Speculation is mounting that the recent resignation of Nomura’s Asia ex-Japan chairman suggests the bank is still struggling to integrate Lehman Brothers’ staff into its business. But in Singapore and Hong Kong, Nomura’s internal culture wars seem much less acute than they are in London and New York.

Jasjit “Jesse” Bhattal, Lehman’s former chief executive in Asia, is the most senior Lehmanite to step down since the acquisition. While dozens of leading bankers from the US firm quit immediately after the deal, Bhattal’s comparatively late departure is perceived as more disturbing for Nomura because he had more time to assess the merger’s success.

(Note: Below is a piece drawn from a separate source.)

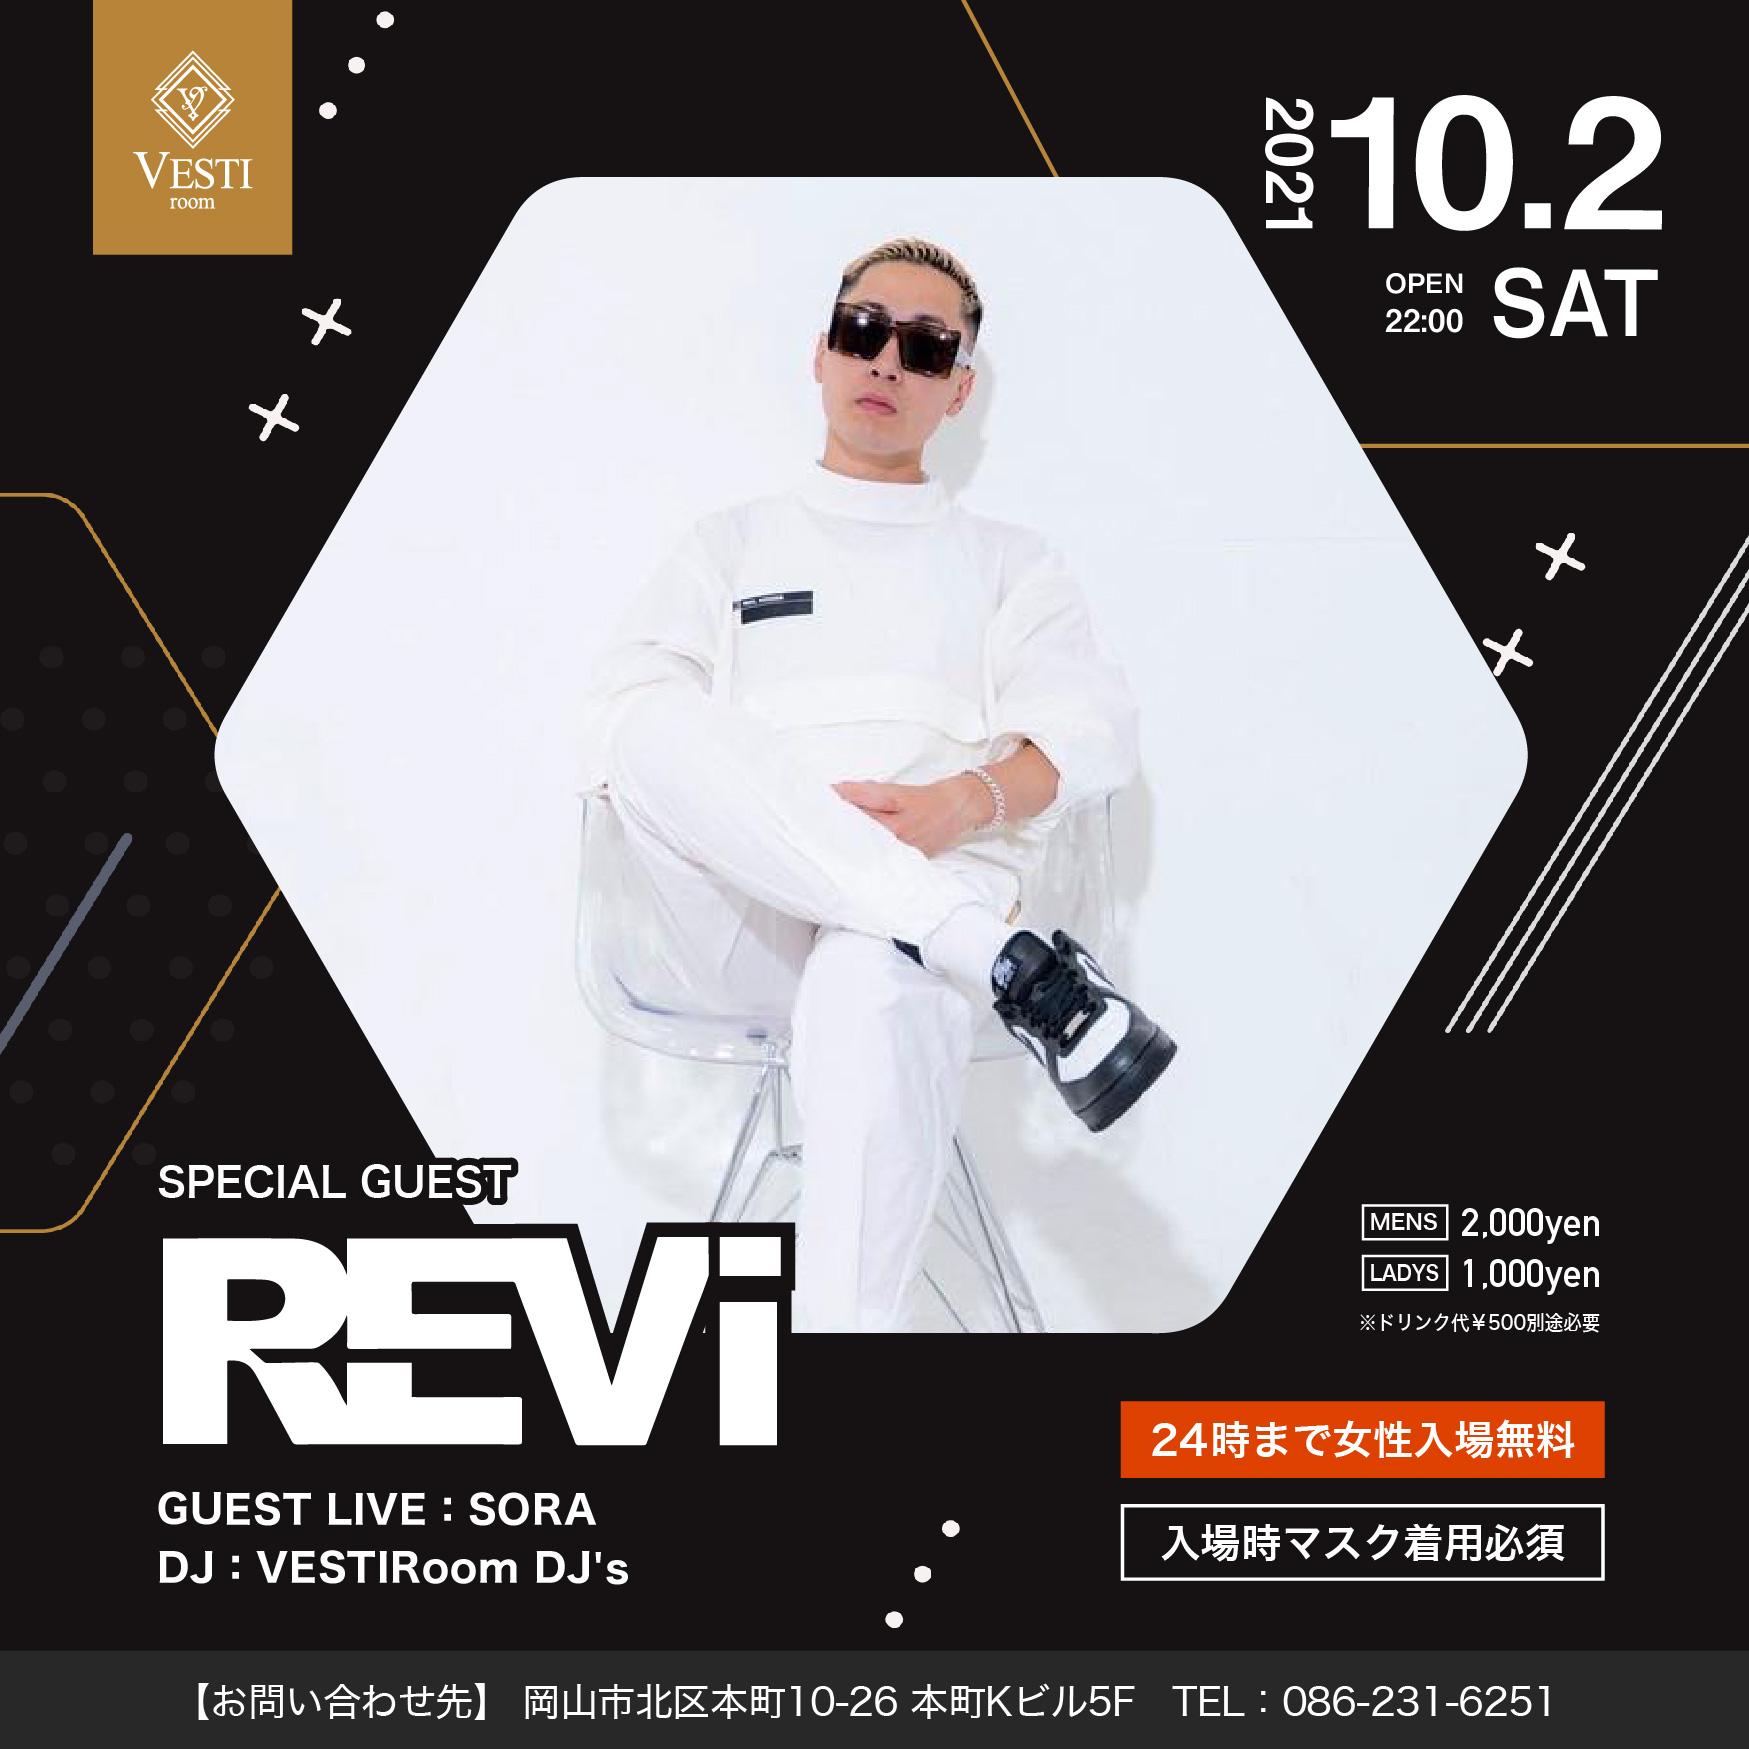 Special Guest : REVI ~24時まで女性入場無料~

The firm now faces a difficult few months workforce-wise. Nomura has guaranteed bonuses for some senior Lehman staff at top-of-the-market 2007 levels, fuelling resentment amongst its original employees and leaving it exposed to further defections when these payouts are made in October (and for a select few, in March next year).

“The crunch will come post bonuses. Nomura will want to manage the process so it loses the Lehman people it wants to lose, but retains the strong performers,” says Andrew Price, a director at Global Search Partners.

Did the WSJ get it wrong?

The Wall Street Journal recently reported a range of non-monetary culture clashes, from Nomura traders who start the day with a company song, to female employees attending training sessions on tea making, hairstyles and wardrobes.

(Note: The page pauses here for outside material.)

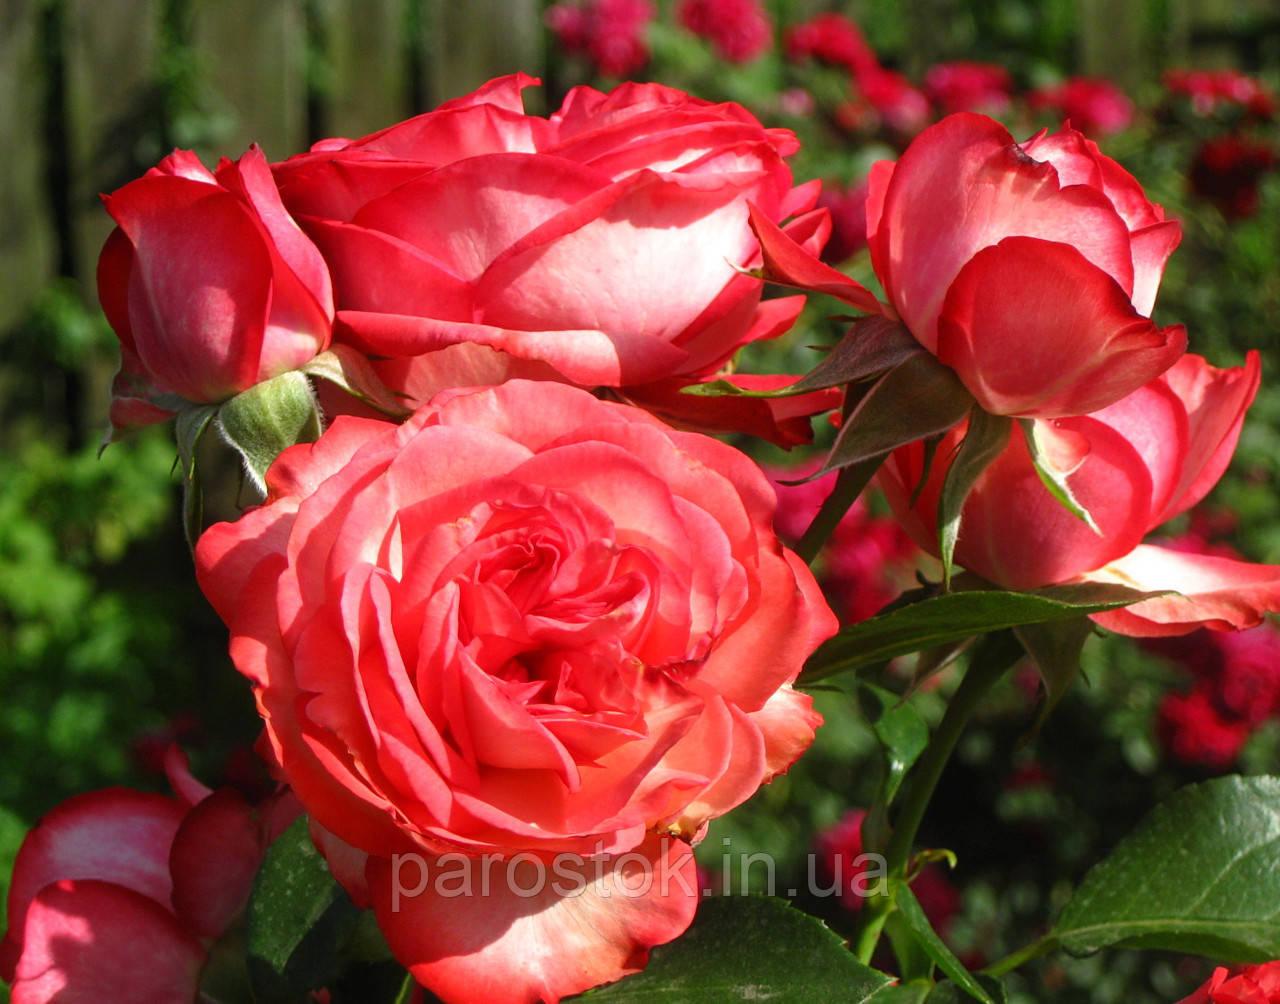 Саженцы роз Антик . (вв). Плетистая роза

But while in Western countries Lehmanites might be feeling ill at ease with Japanese working ways, they generally have fewer complaints in Singapore and Hong Kong.

“The cultural differences aren’t so extreme here because a lot of ex-Lehman staff are of course Asian and are more adaptable to Japanese ways. I know an ex-Lehman guy in the Hong Kong Nomura office – he isn’t so fixated with the differences that the Wall Street Journal was whingeing about,” comments one headhunter, who asked not to be named.

A Japanese cultural guru also suggests an innocent explanation for Nomura’s allegedly bizarre behaviour towards women workers: an introduction to the intricacies of Japanese culture.

“The tea ceremony is a beautiful thing,” says Rob Johnson, a Japanese cultural expert at Kwintessential, an intercultural communications company. “It’s very ritualistic and stylized and is about preparing the tea in a certain way. Women can become tea masters.”

And let’s not forget that Lehman, as a former testosterone-driven bulge bracketer, wasn’t exactly the embodiment of workplace equality itself. “It makes me laugh hearing these poor Lehman people cry to the WSJ. How sorry I feel for them – with their massive bonuses coming up,” says the anonymous headhunter.

If anyone is entitled to moan about the integration in SG and HK, it’s Nomura’s own employees. They are the ones who got laid off as their Lehman colleagues secured their bonuses, adds Price.

But whatever the concerns about its employment practices, the new, bigger Nomura is at least now back in the black, making a net profit of US$120m for the second quarter as trading profits surged and rising stock markets boosted its retail brokerage.